Search

26 Juli 2026

Revitalisasi SD Negeri 22 Tanah Jambo Aye Rp1,28 Miliar Tuai Sorotan, Publik Pertanyakan Kesesuaian Anggaran

admin

ACEH UTARA | REALITAACEH.COM – Proyek revitalisasi di SD Negeri 22 Tanah Jambo Aye kembali menjadi sorotan publik. Anggaran yang mencapai Rp1.282.586.070 dinilai memunculkan tanda tanya besar karena pekerjaan yang terlihat di lapangan disebut hanya mencakup beberapa item pekerjaan.

Berdasarkan hasil pantauan pada Rabu (8/7/2026), pekerjaan yang tampak dikerjakan di antaranya pemasangan keramik, pemasangan kusen pada sebagian bangunan, pemasangan plafon di beberapa bagian, serta pengecatan. Kondisi tersebut memicu pertanyaan mengenai kesesuaian antara nilai kontrak yang mencapai lebih dari Rp1,28 miliar dengan volume pekerjaan yang terlihat.

Sejumlah pihak pun mulai mempertanyakan apakah perencanaan anggaran telah disusun secara cermat dan sesuai dengan kebutuhan riil di lapangan. Pasalnya, dengan nilai proyek yang tergolong fantastis, publik tentu berharap hasil pekerjaan juga mencerminkan penggunaan anggaran yang transparan, efektif, dan dapat dipertanggungjawabkan.

Selain itu, beredar berbagai dugaan mengenai kemungkinan adanya pembengkakan anggaran maupun ketidaksesuaian dalam proses perencanaan proyek. Dugaan tersebut tentu harus dibuktikan melalui audit dan pemeriksaan oleh instansi yang berwenang, sehingga tidak berkembang menjadi sekadar spekulasi.

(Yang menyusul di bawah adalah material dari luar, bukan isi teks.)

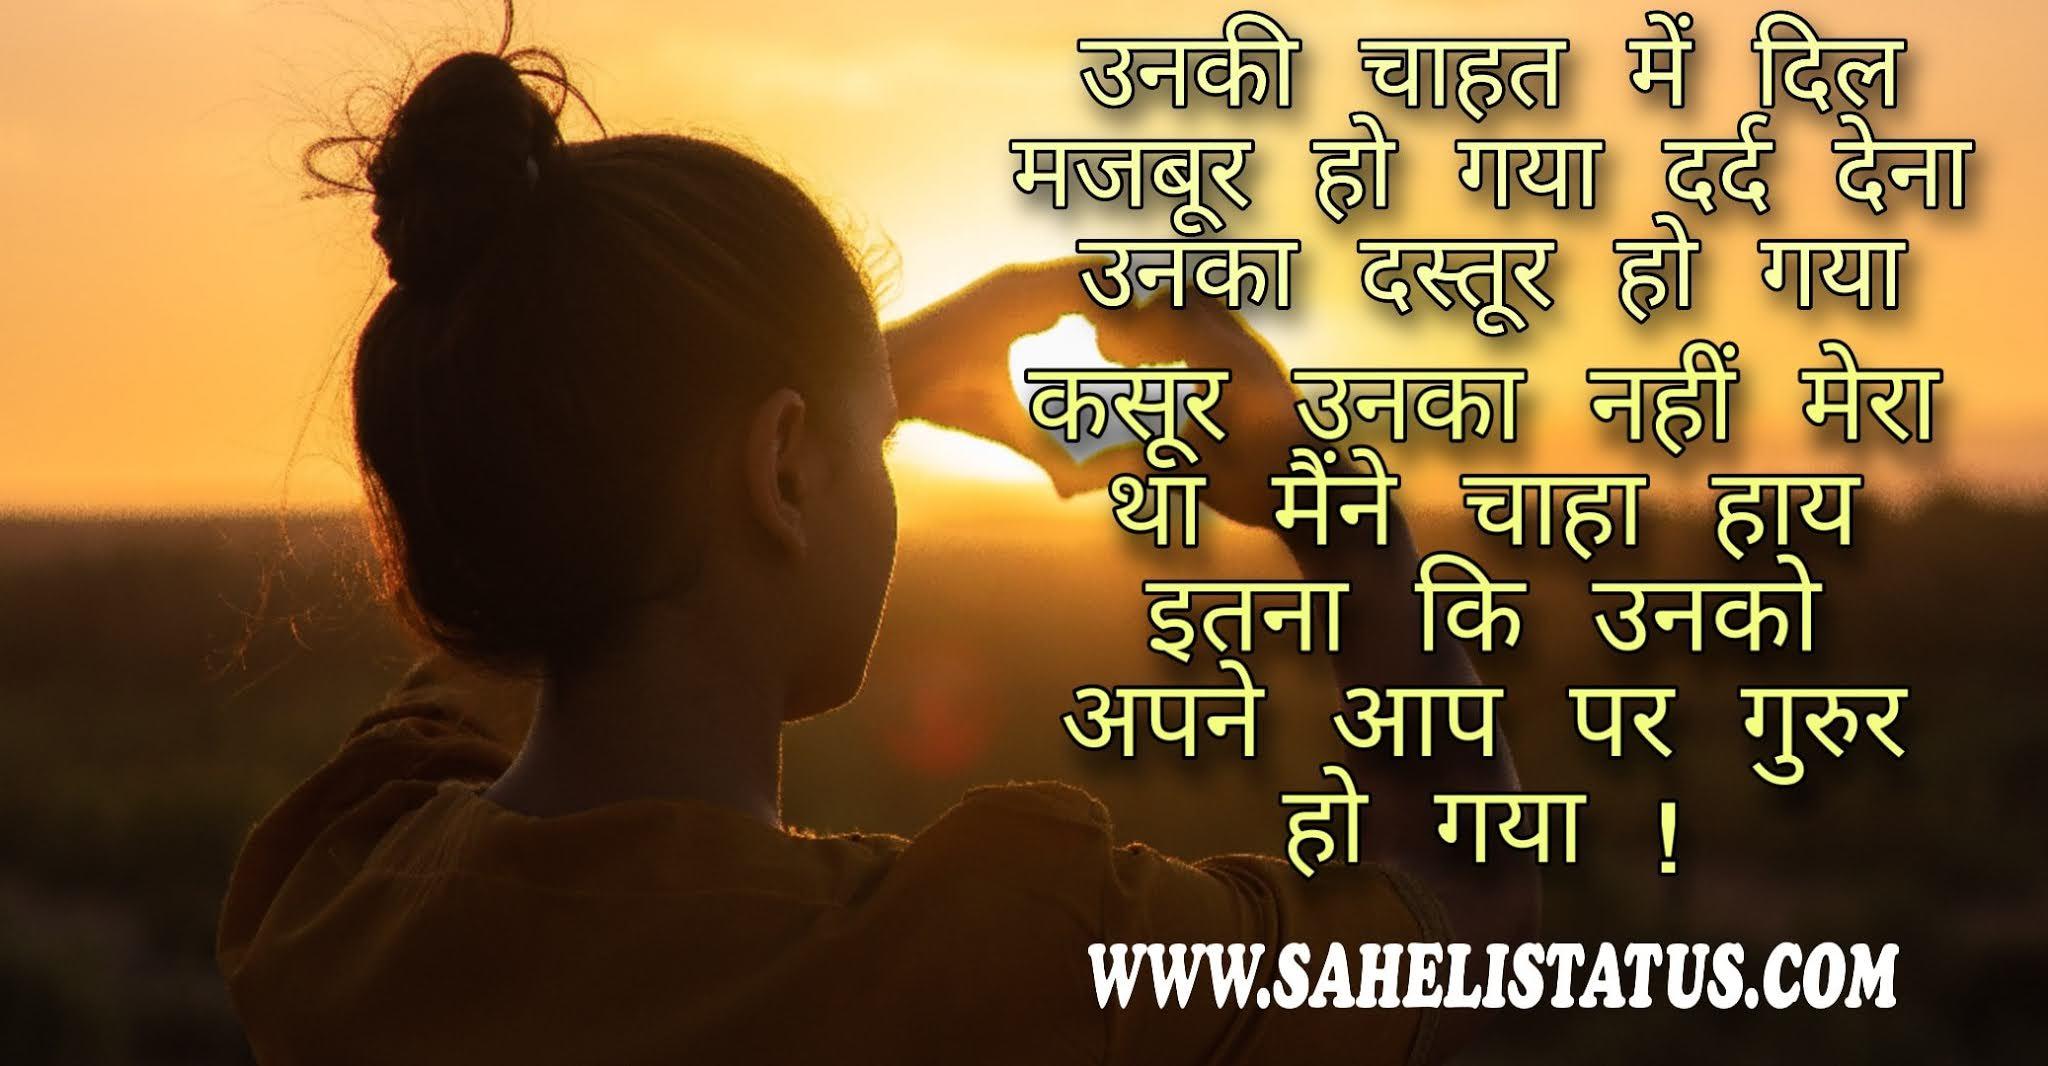 Best sad shayari in hindi on love

Peran konsultan perencana maupun konsultan pengawas juga patut menjadi perhatian. Penyusunan Rencana Anggaran Biaya (RAB) harus dilakukan secara profesional, berdasarkan kondisi lapangan dan standar teknis yang berlaku. Jangan sampai anggaran negara yang bersumber dari uang rakyat justru membuka ruang bagi dugaan pemborosan atau mark-up.

Masyarakat berharap pihak terkait, mulai dari pelaksana proyek, konsultan, hingga instansi teknis, dapat memberikan penjelasan secara terbuka mengenai rincian pekerjaan beserta dasar perhitungan anggarannya. Transparansi menjadi kunci untuk menjawab keraguan publik sekaligus menjaga kepercayaan masyarakat terhadap pengelolaan keuangan negara.

Apabila nantinya ditemukan adanya ketidaksesuaian antara anggaran dan realisasi pekerjaan, aparat penegak hukum maupun lembaga pengawas diharapkan segera melakukan pemeriksaan sesuai ketentuan yang berlaku. Setiap rupiah uang negara harus dipastikan benar-benar digunakan untuk kepentingan pendidikan, bukan menjadi ladang keuntungan segelintir pihak.

Sementara itu, Kepala SD Negeri 22 Tanah Jambo Aye, Mukhlifuddin, saat dikonfirmasi oleh media ini pada Kamis (9/7/2026) melalui aplikasi WhatsApp, memilih bungkam alias tidak memberikan tanggapan. Hak jawab yang telah diberikan oleh media ini juga tidak direspons.

Media ini juga berupaya mengonfirmasi pihak konsultan, Faisal Yanto. Namun, saat dihubungi melalui WhatsApp, Faisal membalas bahwa dirinya sedang dalam perjalanan dari Banda Aceh menuju Lhokseumawe.

“Bak jalan dari Banda u Lhok, singeuh lon tanggapi, data hana sajan,” tulis Faisal.[003/KA]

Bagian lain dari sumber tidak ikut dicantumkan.